At last, in Waveform Matching unit 282, the 2nd output signal utilizing that quarter window makes that frequency spectrum enhancement unit 281 obtains and the signal of preceding waveform storage unit 288 storages overlap, and obtain output signal.Also the data storage of the end first reading data length share of this output signal in preceding waveform storage unit 288.At this moment matching process is shown in following formula (59).
O
j=(j×D
j+(L-j)×Z
j)/L (j=0~L-1)
O
j=D
j (j=L~L+M-1)
Z
j=O
M+1 (j=0~L-1)
(59)
Oj: output signal
Dj: the 2nd output signal
Zj: output signal
L: first reading data length
M: frame length
Here it should be noted that as output signal, the data of output first reading data length+frame length share, still, and wherein can be as the top of having only of signal Processing from data, length equals the interval of frame length.This is because the data of the first reading data length of back are rewritten when next output signal of output.But continuity is compensated in whole intervals of output signal, therefore can be used in the analysis of lpc analysis and filter analysis equifrequent.
Adopt such example, between sound zones in and between sound zones outside can both carry out noise spectrum and infer, even be present under the situation of total data in which being confused about sound, also can infer noise spectrum time.
In addition, can strengthen the feature of the spectrum envelope of input with linear predictor coefficient, even under the high situation of noise level, also can prevent the tonequality deterioration.
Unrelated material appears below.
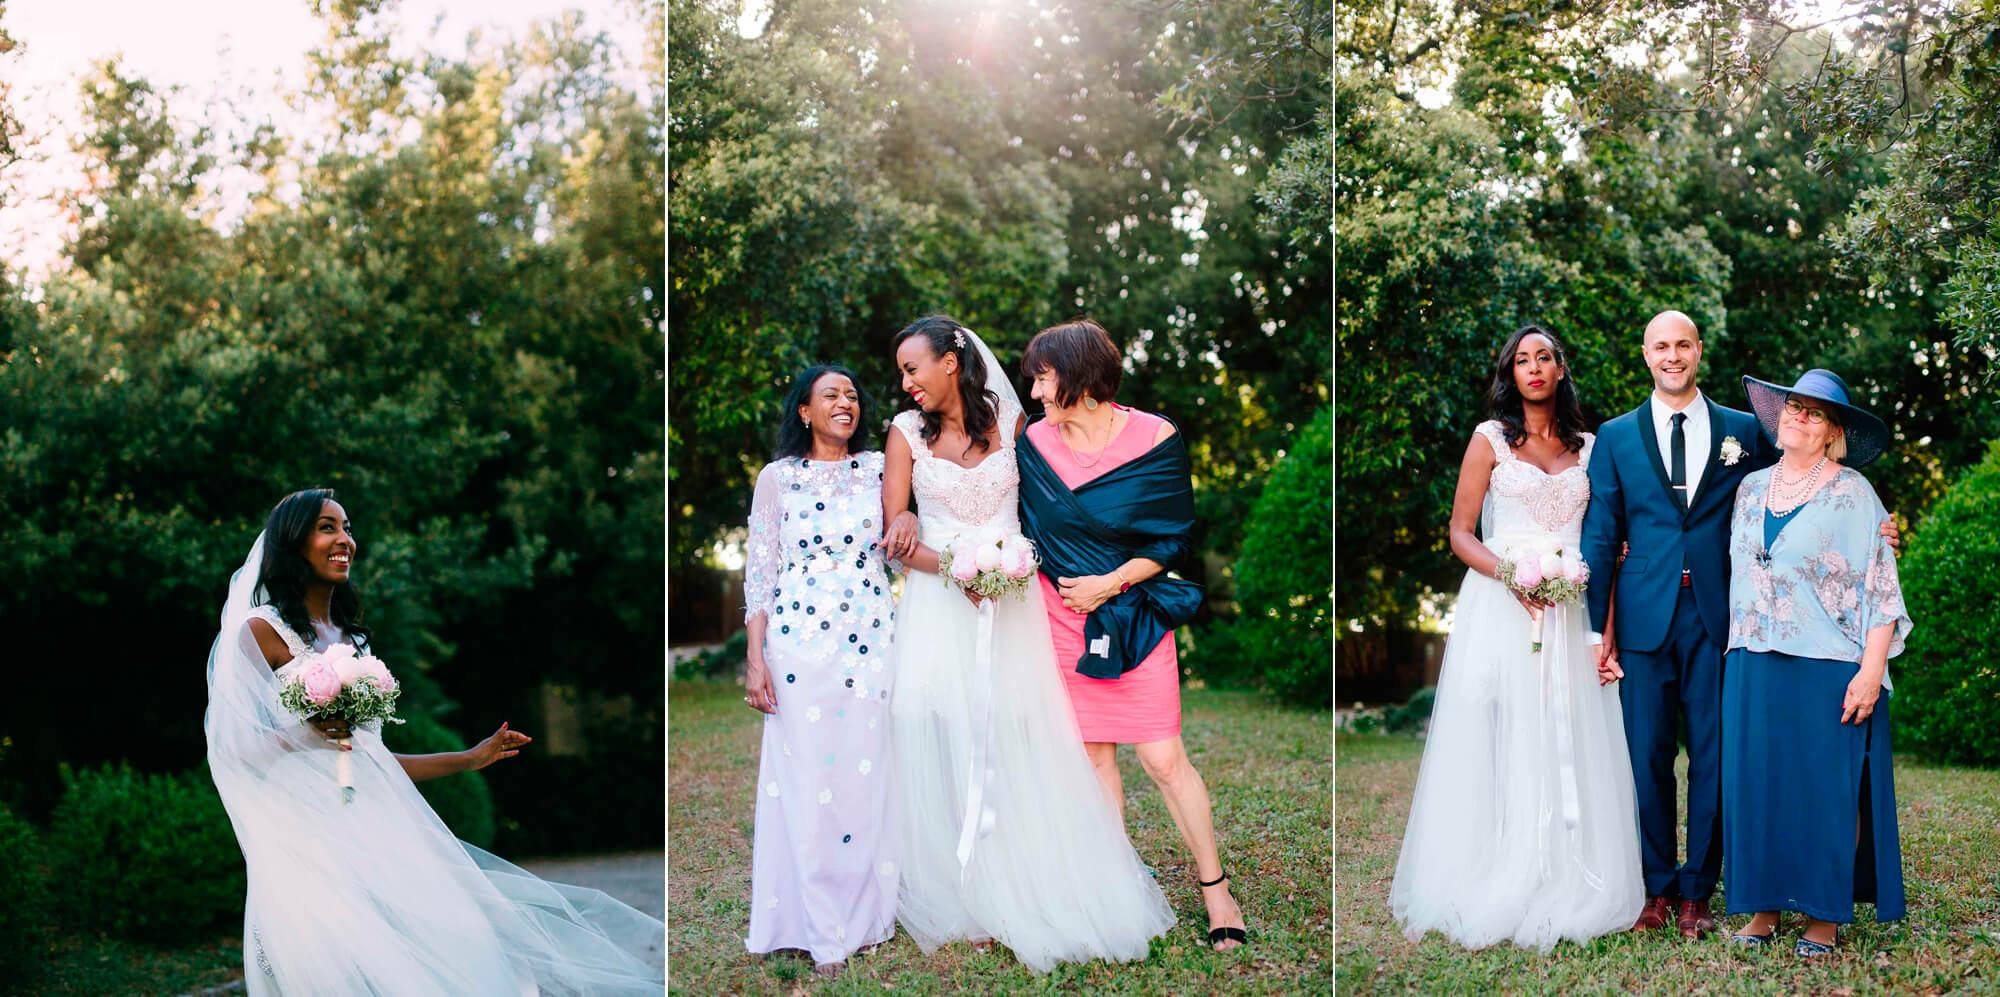 077-sorrento-wedding-photographer.jpg

The frequency spectrum of noise can also be inferred from average and minimum both direction, thereby more appropriate noise reduction process can be carried out.
Again, the average frequency spectrum of noise is used for noise reduction process, can cutting down noise spectrum to a greater extent, can also infer compensation in addition and use frequency spectrum, to compensate more rightly.
And, can make not contain sound, the spectral smoothing in noisy interval only, thereby can prevent with interval frequency spectrum because reducing of noise and cause abnormal sensory by extreme spectrum change.
Can also make the frequency content of compensation have randomness, the noise of not pruning and staying is transformed into the little noise of abnormal sensory acoustically.
Again, between sound zones, can be embodied in acoustically more appropriate weighting,, can suppress the abnormal sensory that causes by auditory sensation weighting in asonant interval and voiceless consonant interval.